◆ **Data excerpt**
=======
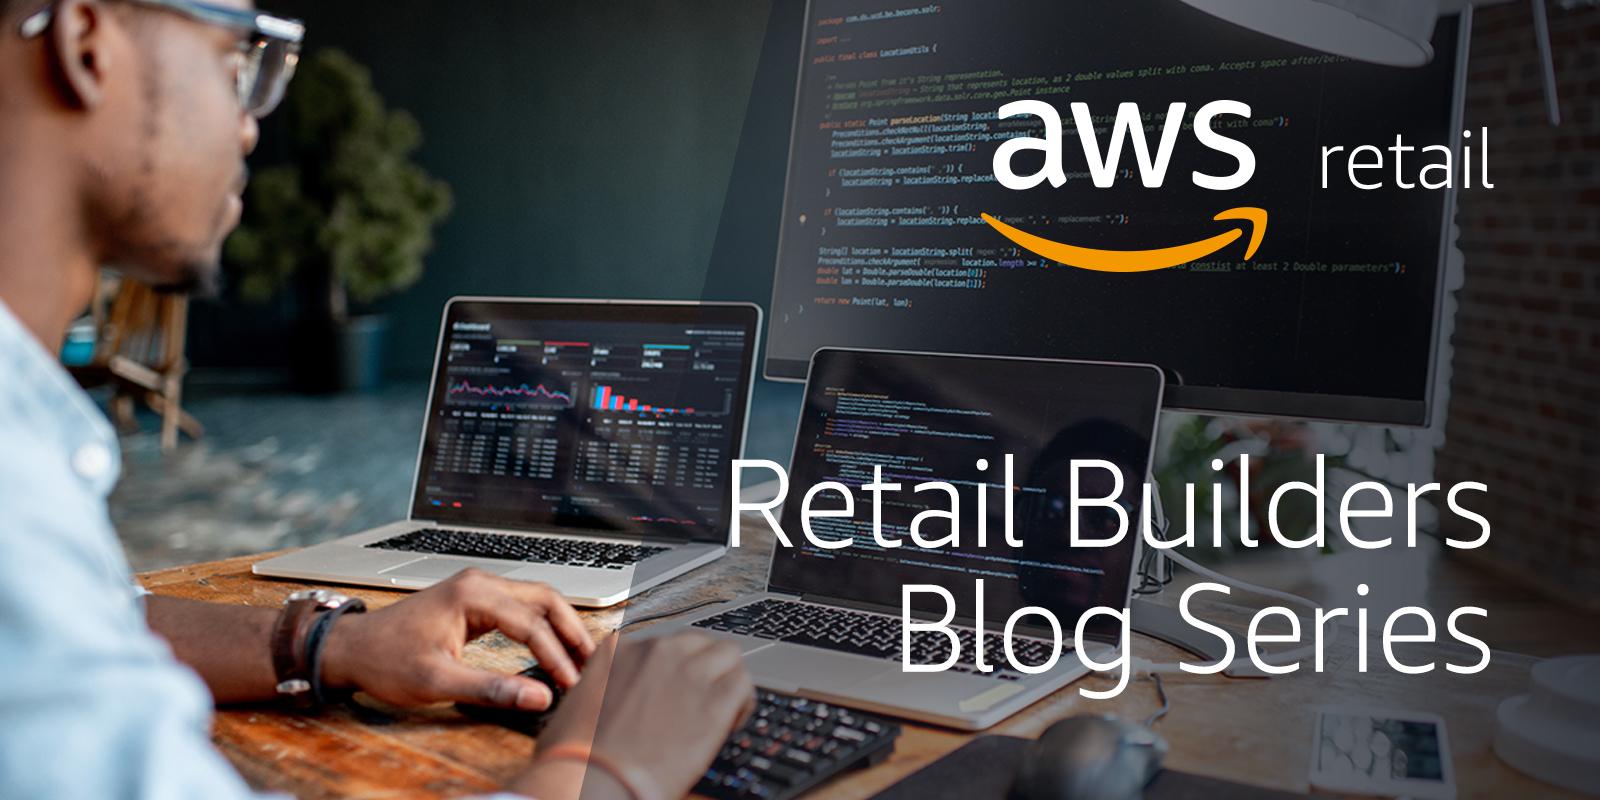 Retail Builders Blog Series
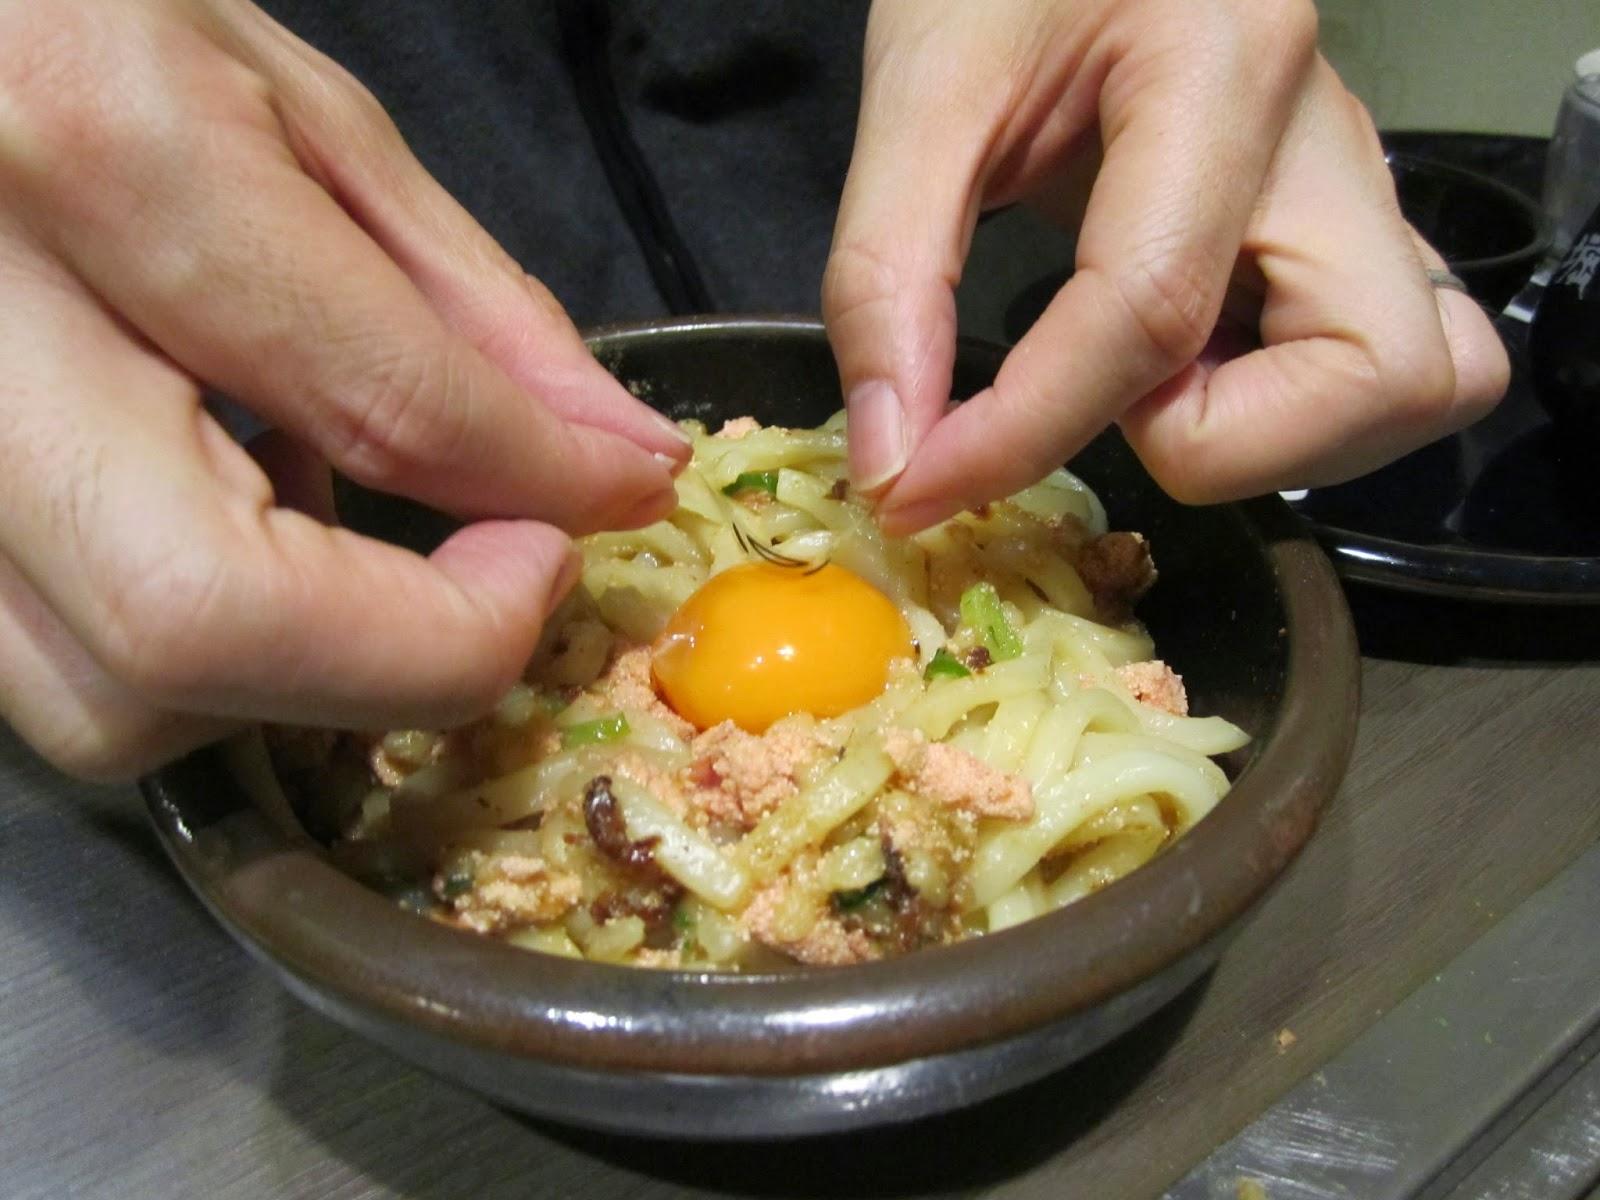 Gudetama x Dohtonbori Collaboration Campaign Udon 十和田市 ぐでたまx道頓堀コラブキャンペイン焼きうどん
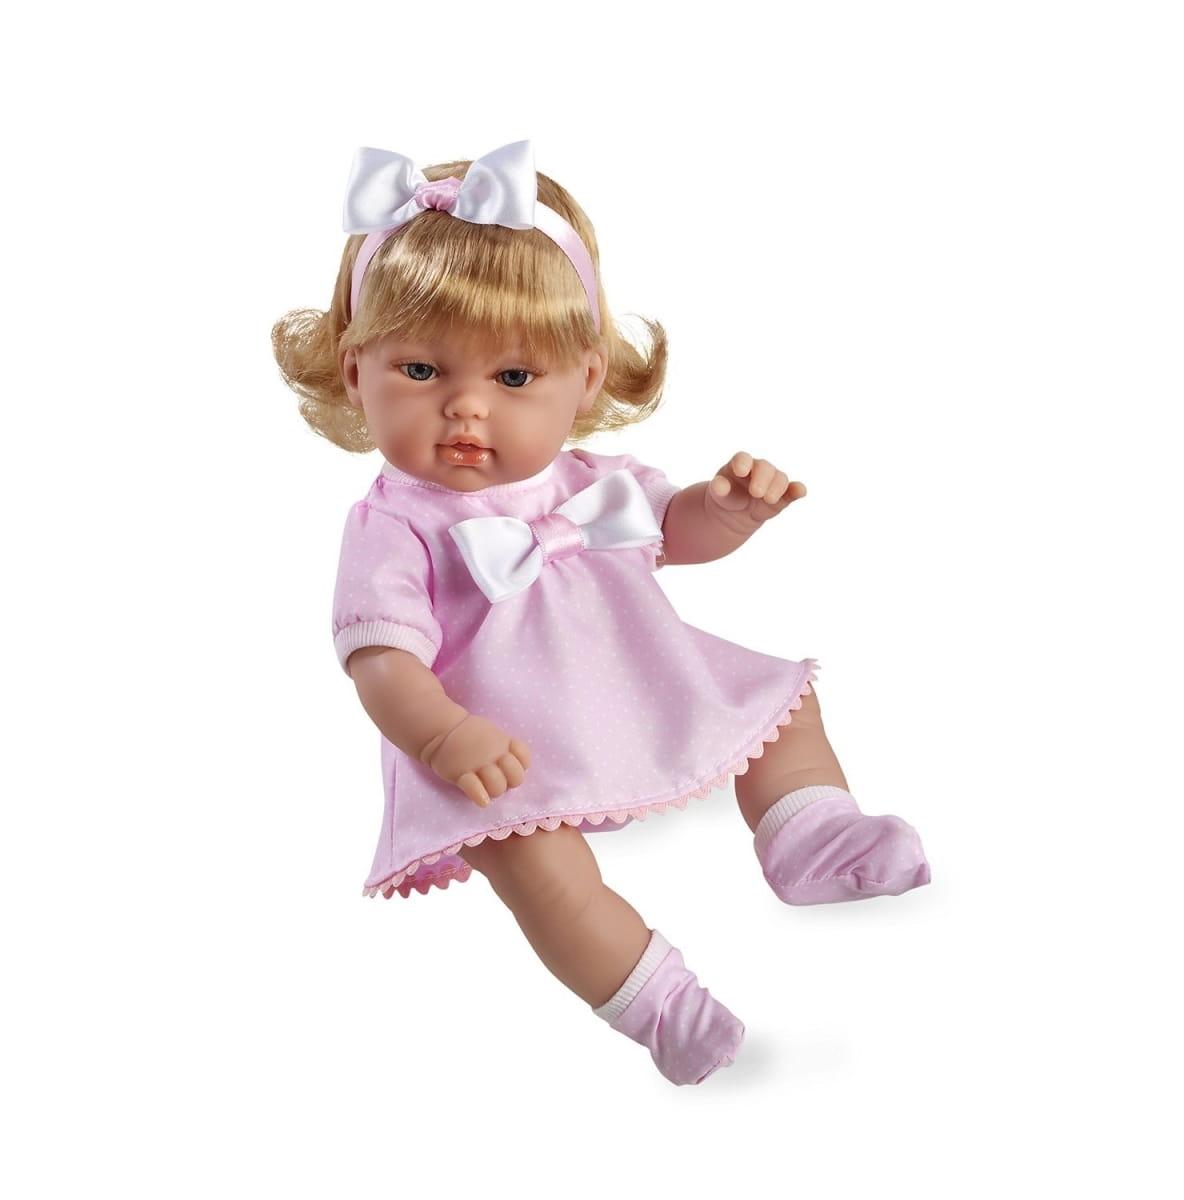 Пупс Arias Т59281 Блондинка в розовом платье с бантом - 33 см
=======
◆ **What you need to do**
Leave the pictures aside. Set down exactly the lines from the one with "Gudetama x Dohtonbori" through the final line of the listing above.

◆ **Exercise output**
 Gudetama x Dohtonbori Collaboration Campaign Udon 十和田市 ぐでたまx道頓堀コラブキャンペイン焼きうどん
 Пупс Arias Т59281 Блондинка в розовом платье с бантом - 33 см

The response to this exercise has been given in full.